Bijbehorende kerndoelen
  • De leerlingen leren informatie en meningen te vergelijken en te beoordelen in verschillende teksten (kerndoel 7).
  • De leerlingen leren hoofdzaken van de Nederlandse en Europese staatsinrichting en de rol van de burger (kerndoel 36).
  • De leerlingen leren hoofdzaken over geestelijke stromingen die in de Nederlandse multiculturele samenleving een belangrijke rol spelen en ze leren respectvol om te gaan met verschillen in opvattingen van mensen (kerndoel 38).

Voorbereiding
Formuleer vier stellingen over identiteit en solidariteit binnen burgerschap (zie voor suggesties het kader hierna) en noteer elke stelling bovenaan een A4’tje. Zorg dat er voor elke groep een setje stellingen beschikbaar is. Denk van tevoren na over de rolverdeling bij de nabespreking: deze werkvorm biedt een goede mogelijkheid om kinderen aan het woord te laten die in de klas niet zoveel zeggen. Gebruik eventueel een foto over solidariteit – bijvoorbeeld de foto hierna over de gevolgen van corona – om het onderwerp te introduceren:

foto solidariteit

Uitvoering
Start door uit te leggen wat solidariteit is en ga in op vrijwillige en informele solidariteit. Wie kan vertellen wat dit zegt over of betekent voor je identiteit? Inventariseer kort de reacties. Verdeel dan de klas in groepjes van vier en geef ieder kind een A4’tje met een stelling. Laat ze hun reactie onder de stelling schrijven en vervolgens het blaadje zo opvouwen dat het volgende groepslid hun antwoord niet ziet maar de stelling wel zichtbaar blijft. Daarna geven ze het blaadje door aan de volgende. Als alle vier de leerlingen hun reactie hebben gegeven, krijgt de eerste leerling het blaadje terug. De leerling leest alle reacties van de groepsleden door en formuleert een consensus, een groepsmening.

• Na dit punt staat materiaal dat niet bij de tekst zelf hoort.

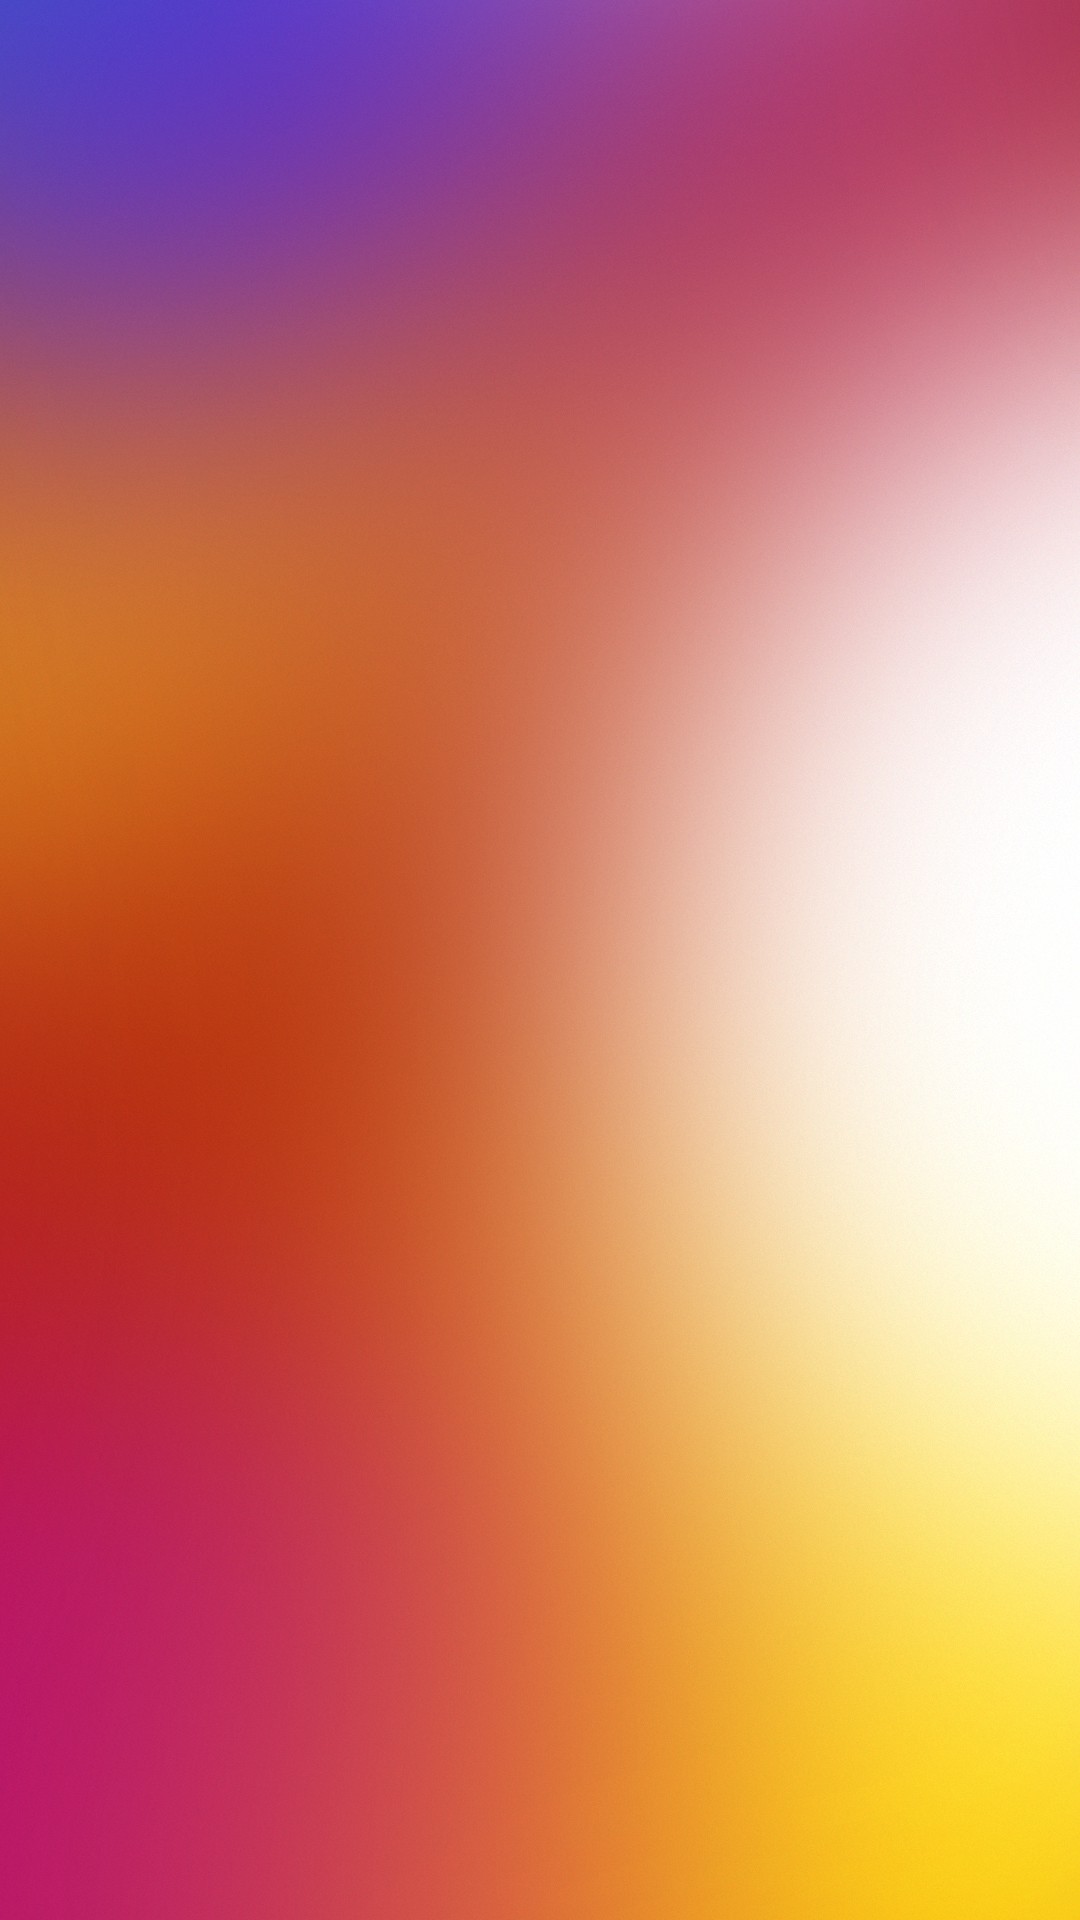 lenovo k5 note wallpaper hd,sky,orange,pink,red,yellow
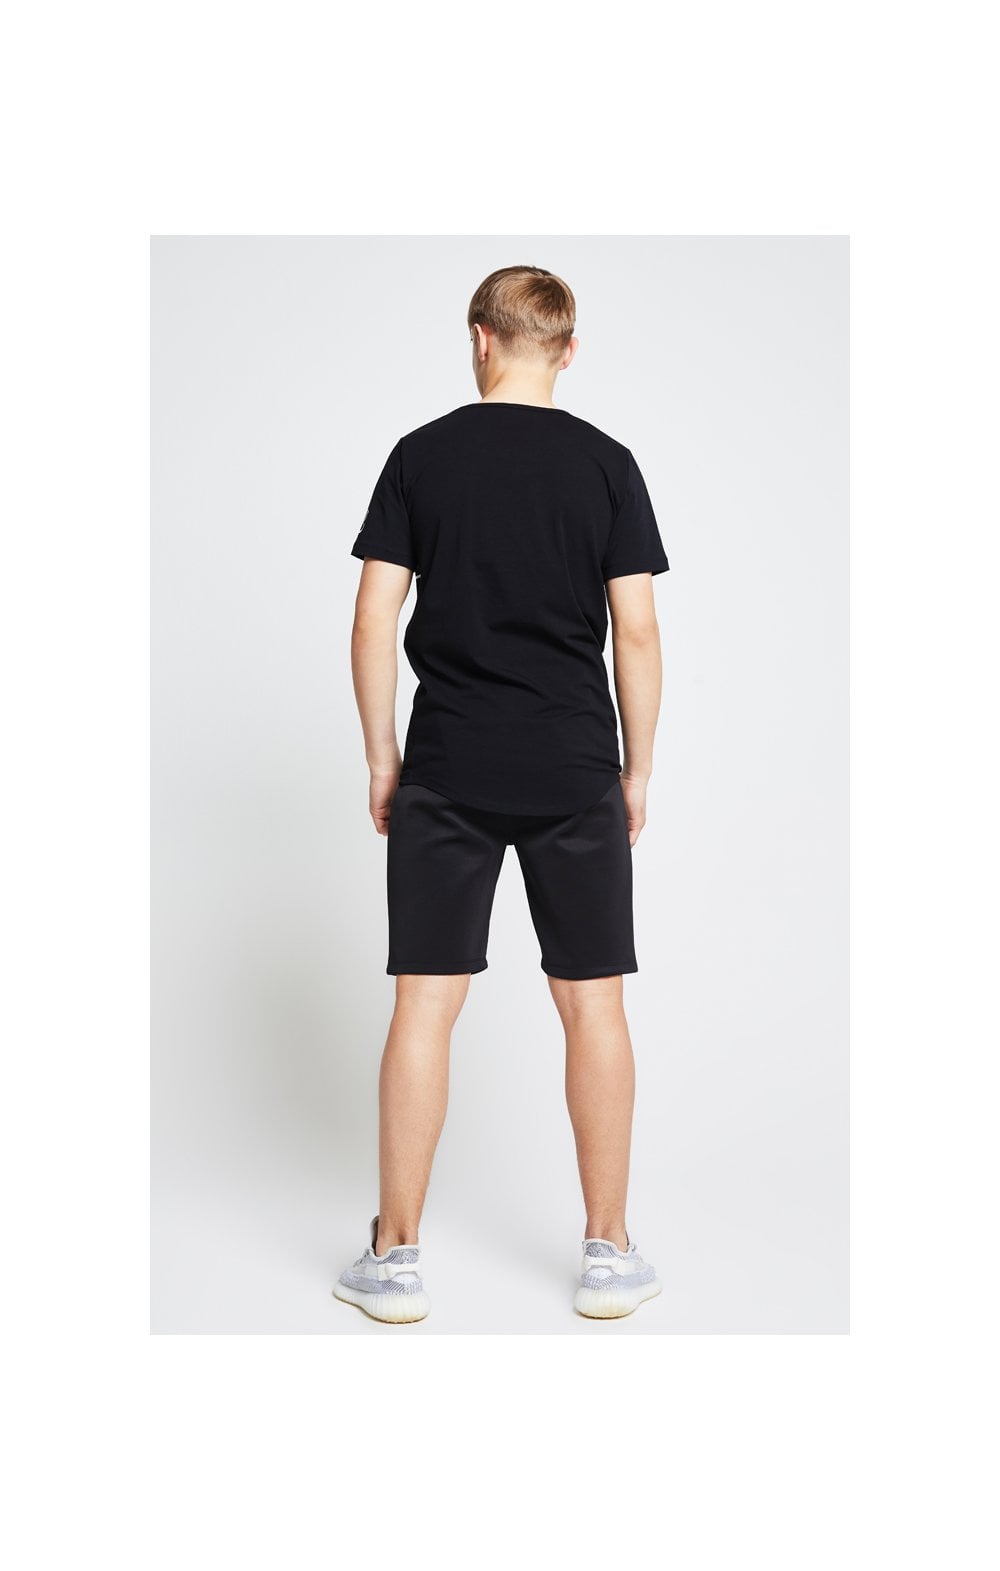 Illusive London Tape Jersey Shorts - Black (5)

Voorbeelden van stellingen rondom solidariteit:
  • Ik help elke dag wel iemand.
  • Er is een stem in mij die me regelmatig zegt dat ik voor iemand iets moet doen.
  • Het is goed wanneer de leerkracht elke week bespreekt hoe we het beste rekening met elkaar kunnen houden.
  • Het is begrijpelijk dat mensen van een moskee of kerk vooral mensen van hun eigen moskee of kerk helpen.

Nabespreking
Vraagt per groep naar de groepsmening op de stelling. Per stelling hoeven niet alle groepen hun mening te ventileren, alleen bij een afwijkende mening is het interessant dit te laten doen. Zorg ervoor dat alle groepen over een van de stellingen hun mening hebben kunnen geven. Het is aan de individuele groepsleden na te gaan of ze hun standpunt terug horen in de groepsmening. Bespreek ter afsluiting of er eenstemmigheid (consensus) bestaat over wat solidariteit is en wanneer je solidair bent.